WHAT IS BEING ASKED
Nothing except the pictures should be left out when you reproduce the listing exactly.

DATA BLOCK
====

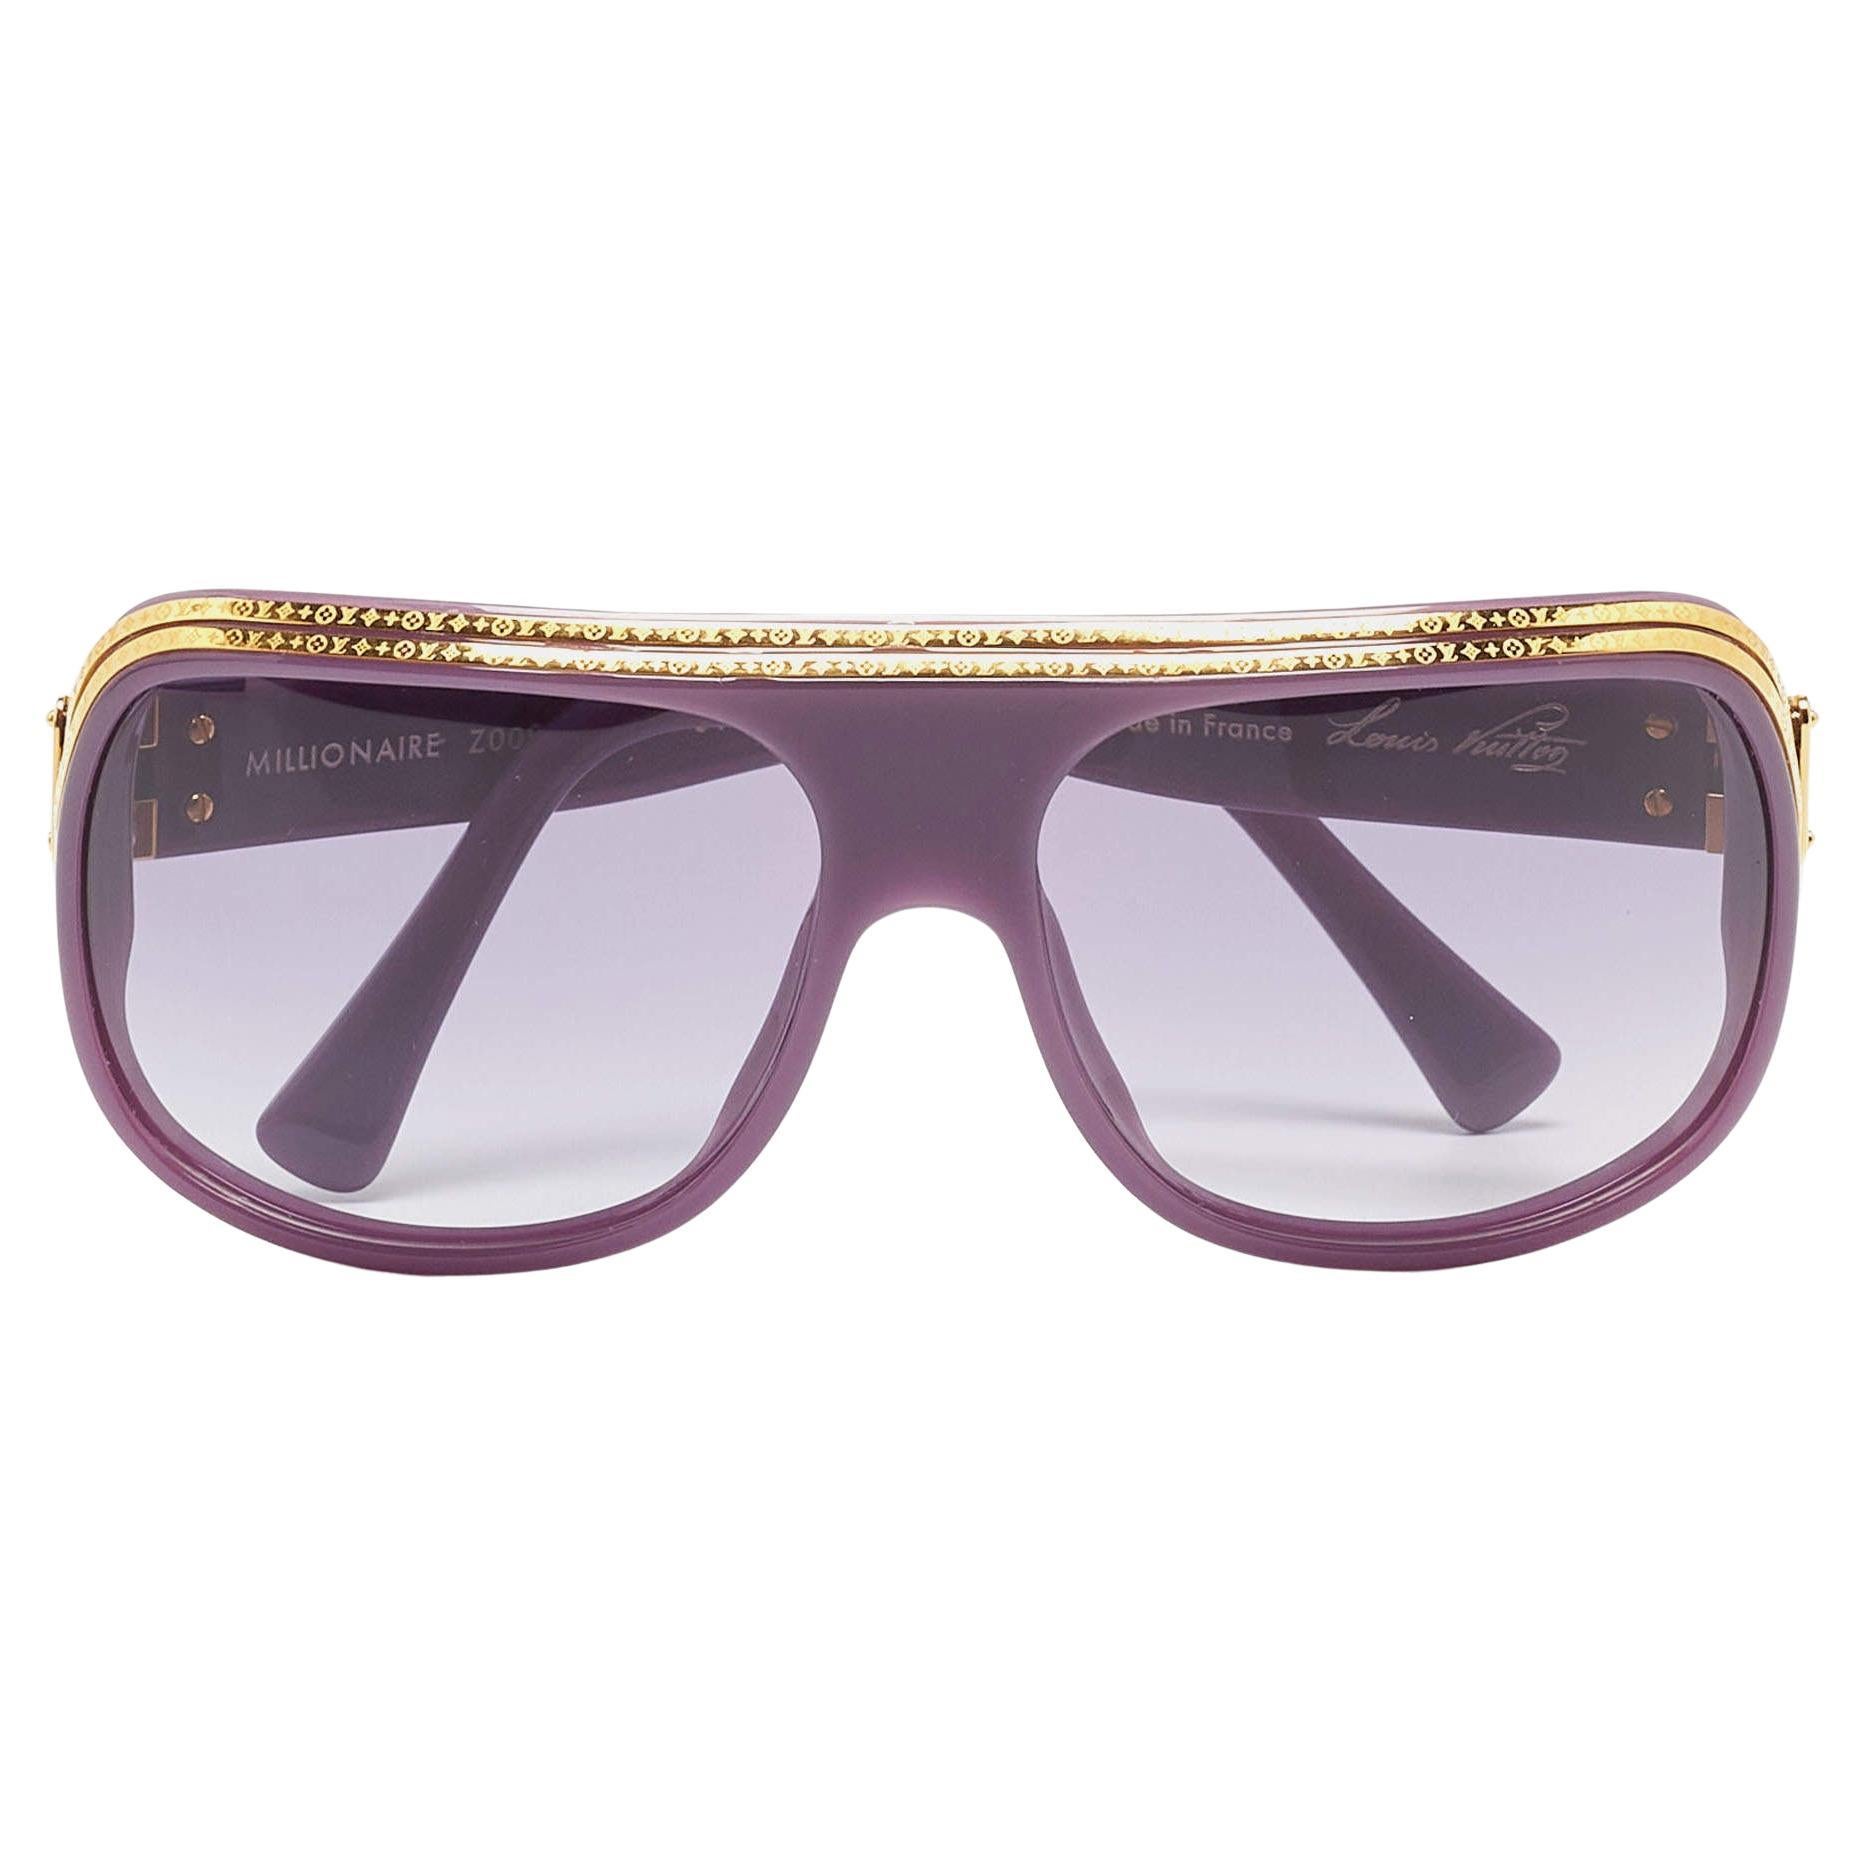 Louis Vuitton My Monogram Soft Cat Eye Sunglasses Black Acetate. Size E
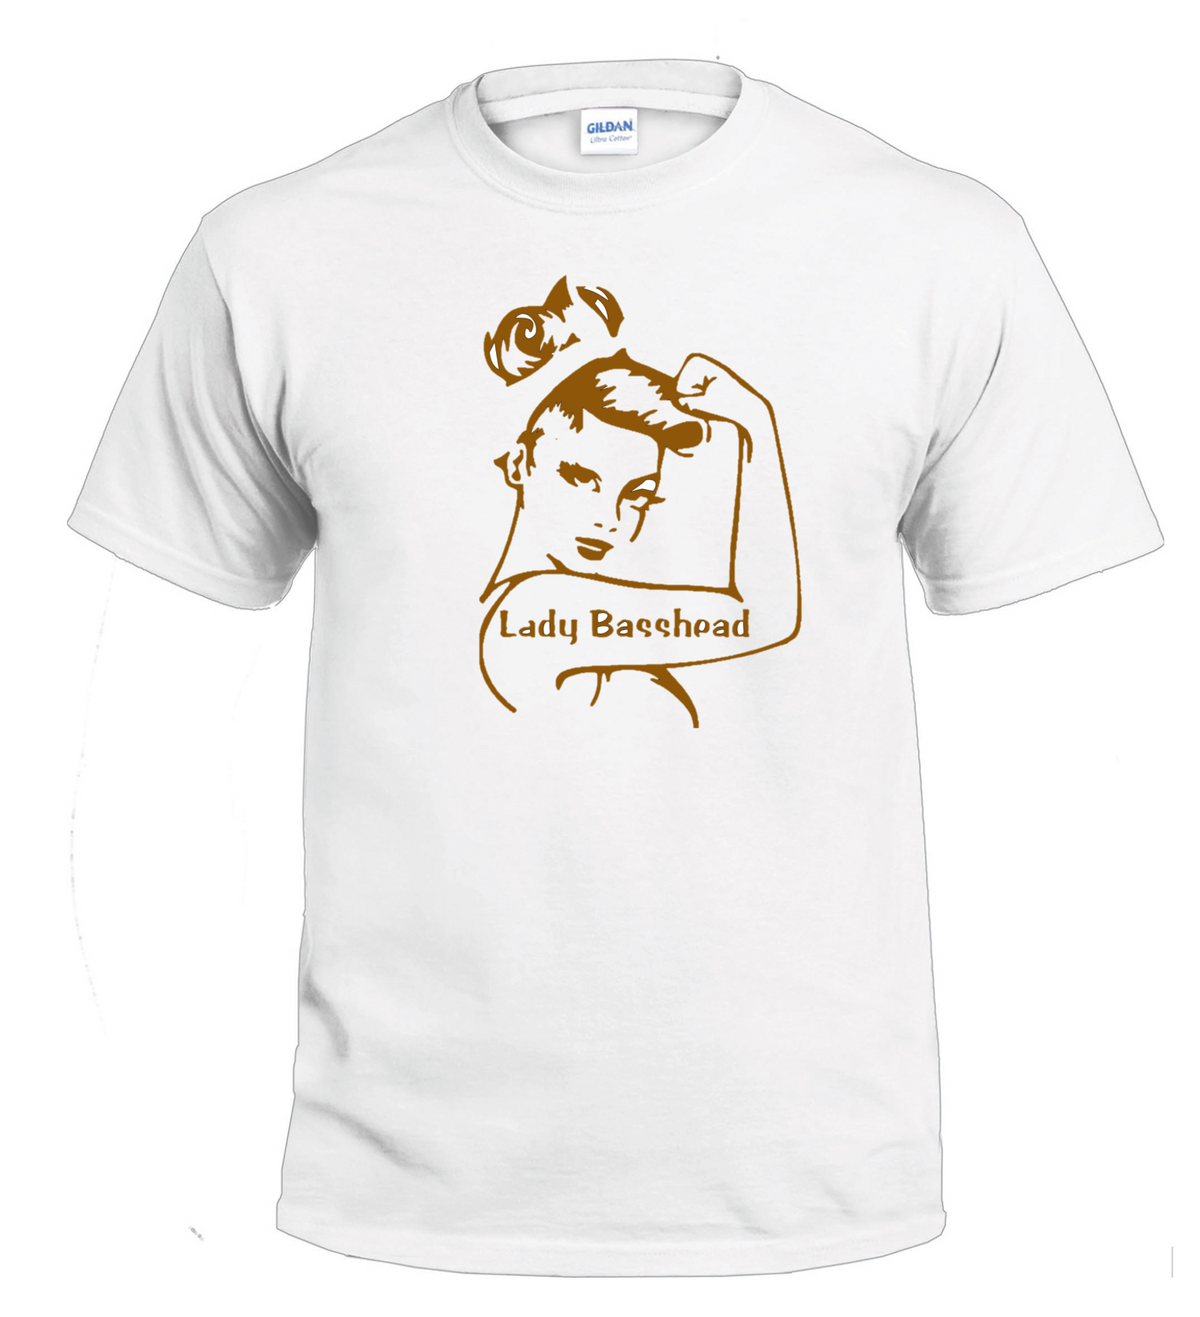 Lady Basshead t-shirt
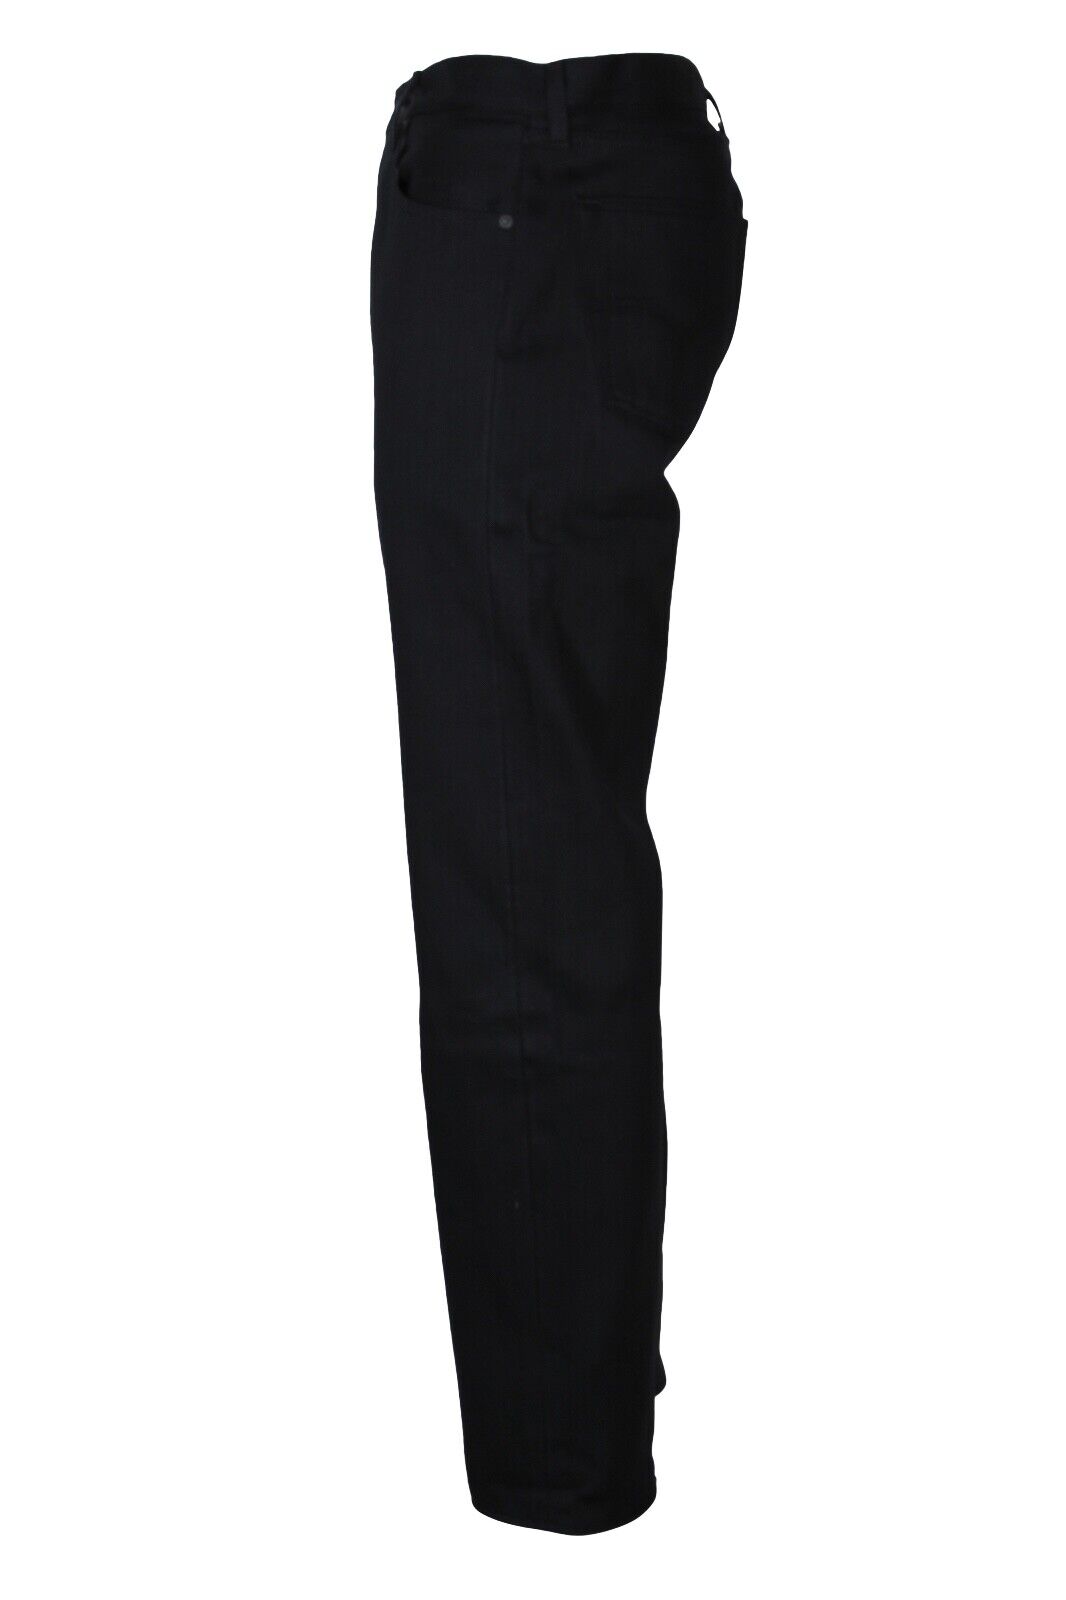 Levi’s 501 Original Shrink-to-Fit Men's Jeans in Modern Black Style# 00501-1582

====

COMPLETED EXERCISE
 Louis Vuitton My Monogram Soft Cat Eye Sunglasses Black Acetate. Size E
 Lady Basshead t-shirt
 Levi’s 501 Original Shrink-to-Fit Men's Jeans in Modern Black Style# 00501-1582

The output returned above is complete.